Diferente dos movimentos de renovação política e candidaturas alternativas, que visam fazer a transformação por dentro da estrutura política tradicional, necessariamente ainda partidária, nessas eleições multiplicaram-se as iniciativas da sociedade civil e da academia para incidir sobre o debate de propostas governamentais e monitorar a sua execução uma vez que as eleições aconteçam, impulsionadas pelas novas tecnologias e pelo crescente impacto das redes (sociais, virtuais) sobre a opinião pública.

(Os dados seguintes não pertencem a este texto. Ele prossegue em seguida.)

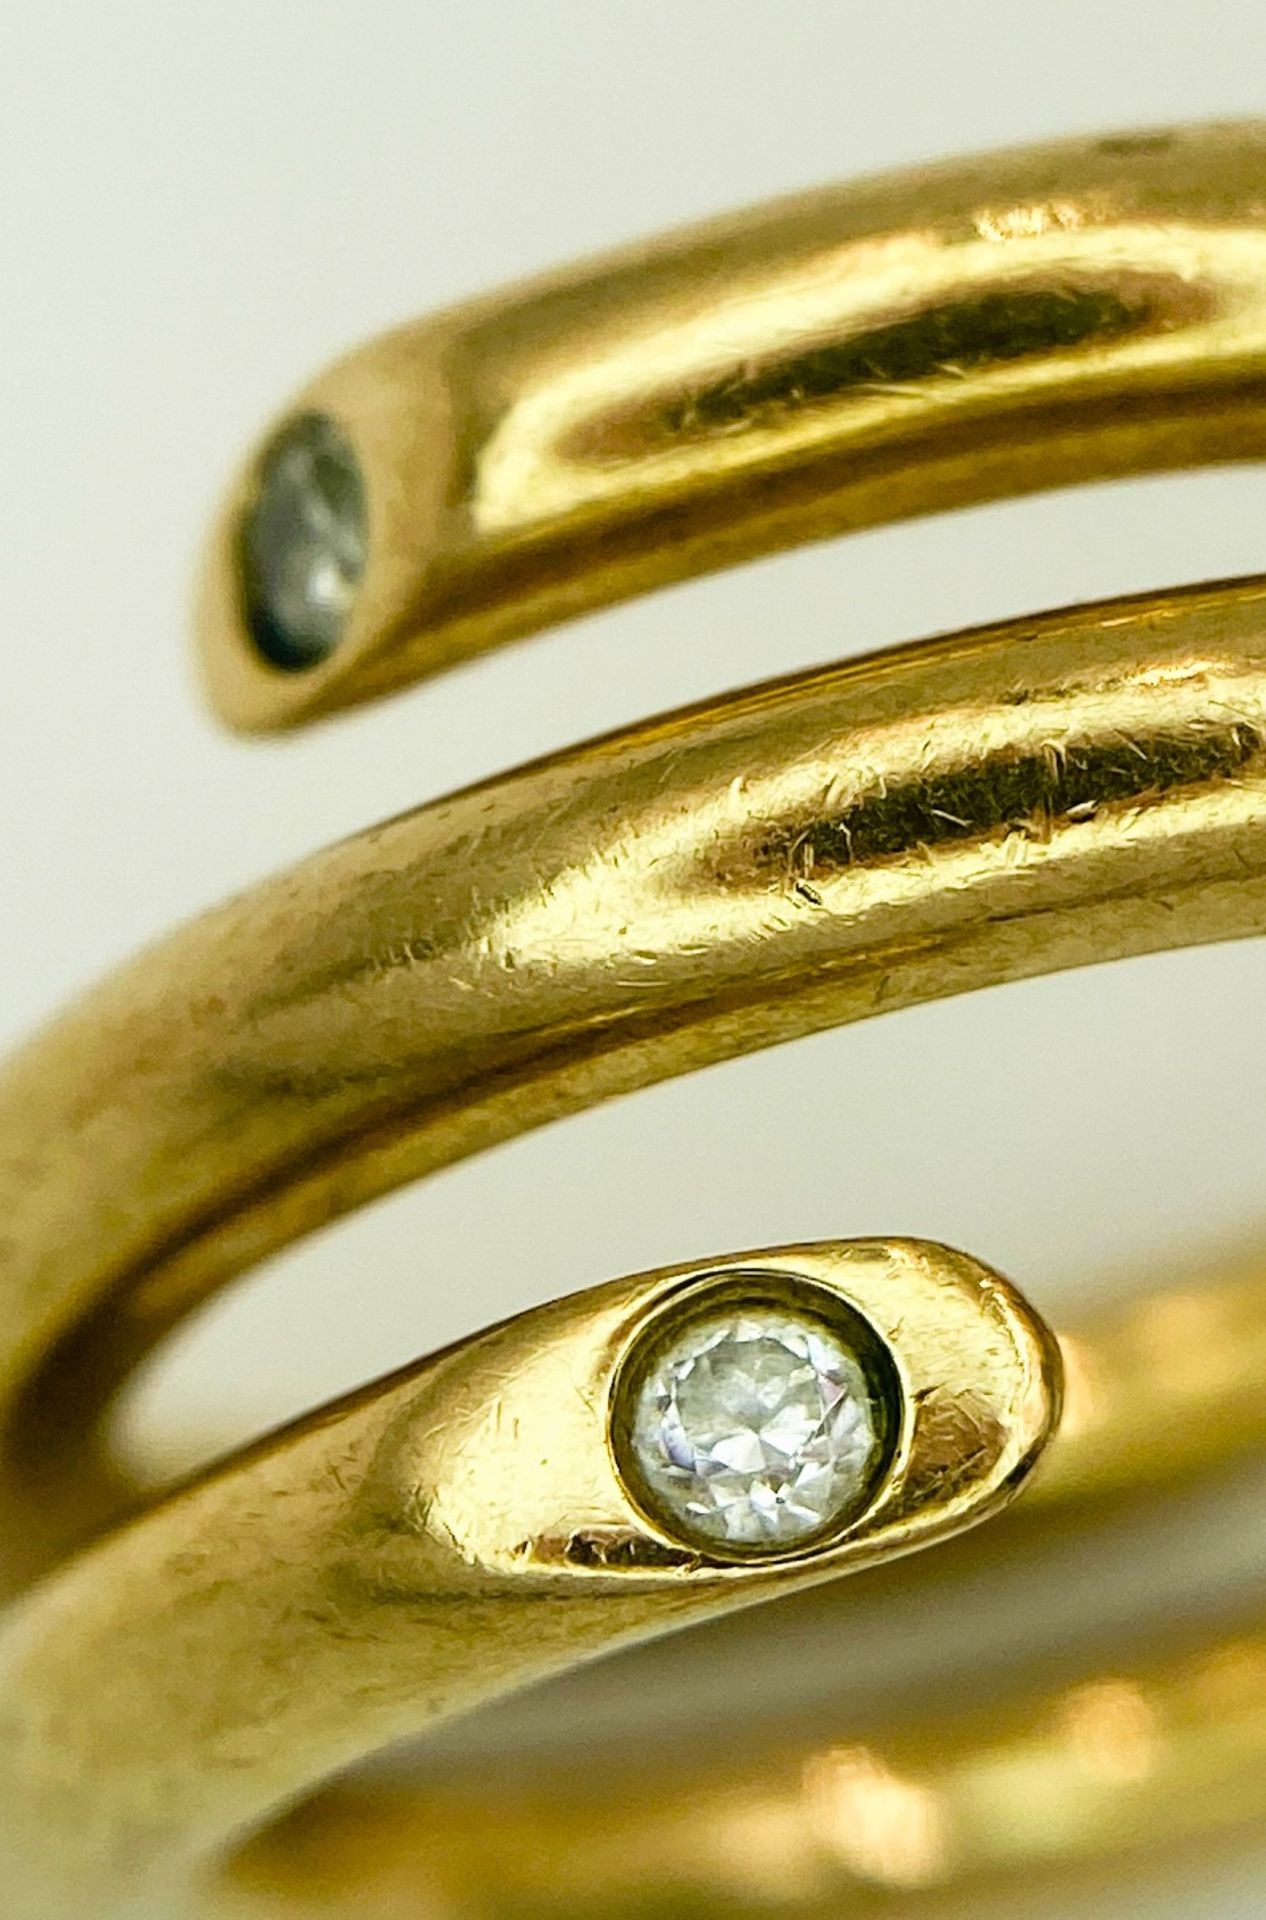 A 9K YELLOW GOLD, SERPENT STYLE DIAMOND BAND RING. 10G. SIZE T. - Image 5 of 6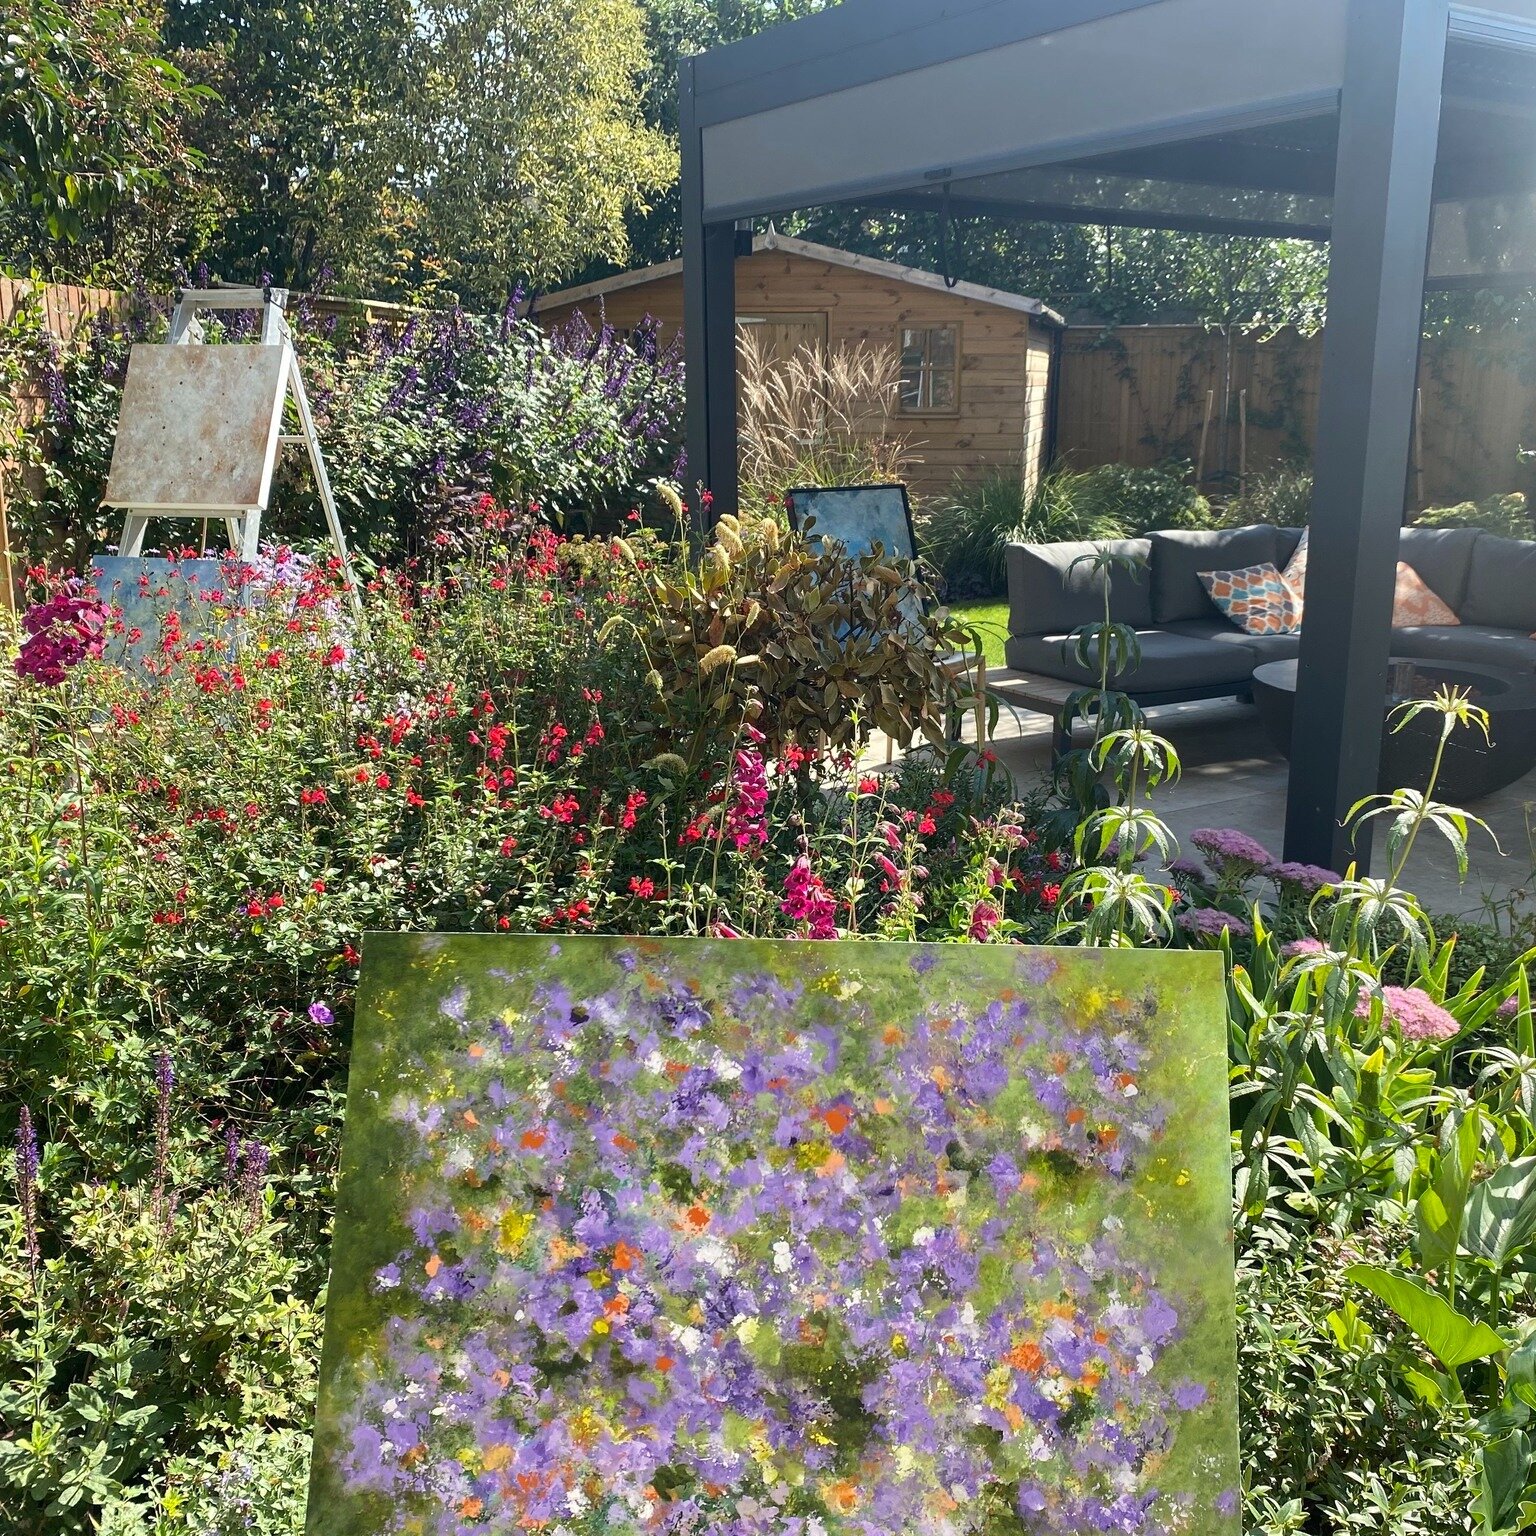 Some more pics of this fabulous art display inspired by the planting in a garden I designed last year. The paintings are by the talented @elainehoweart and the show was part of the @ealingbeat art trail. Made me so happy to see the garden dressed lik

Para dar Match e Escolher um Candidato

Um exemplo no Rio de Janeiro é o Rio por Inteiro, movimento suprapartidário capitaneado pela Casa Fluminense e a Fundação Cidadania Inteligente para aumentar a participação dos cidadãos no processo eleitoral, incentivar a transparência e promover o controle social das gestões, com o objetivo final de ampliar oportunidades e reduzir desigualdades. Além de reunir propostas de diferentes organizações da sociedade civil em eixos temáticos como redução da violência, geração de emprego e renda, e acesso a serviços básicos, incluindo saneamento, saúde e educação (que compõem a Agenda Rio 2030), o movimento lançou uma plataforma digital na qual candidatos a governador, deputado federal e estadual, e senador pelo Rio de Janeiro podem se comprometer com as propostas cadastradas por organizações e apoiadas por cidadãos. Simultaneamente, o usuário irá priorizar as propostas da plataforma, de forma que dará “match” com o candidato que demonstrou mais afinidade no comprometimento com as propostas priorizadas por ele. No momento de publicação dessa matéria já eram mais de 200 propostas cidadãs, mais de 90 organizações fazendo propostas, 120 candidatos comprometidos com as propostas e quase 900 indivíduos cadastrados. Após as eleições, a plataforma continuará disponível de forma que as pessoas possam verificar com quais propostas os candidatos eleitos comprometeram-se e monitorar sua execução.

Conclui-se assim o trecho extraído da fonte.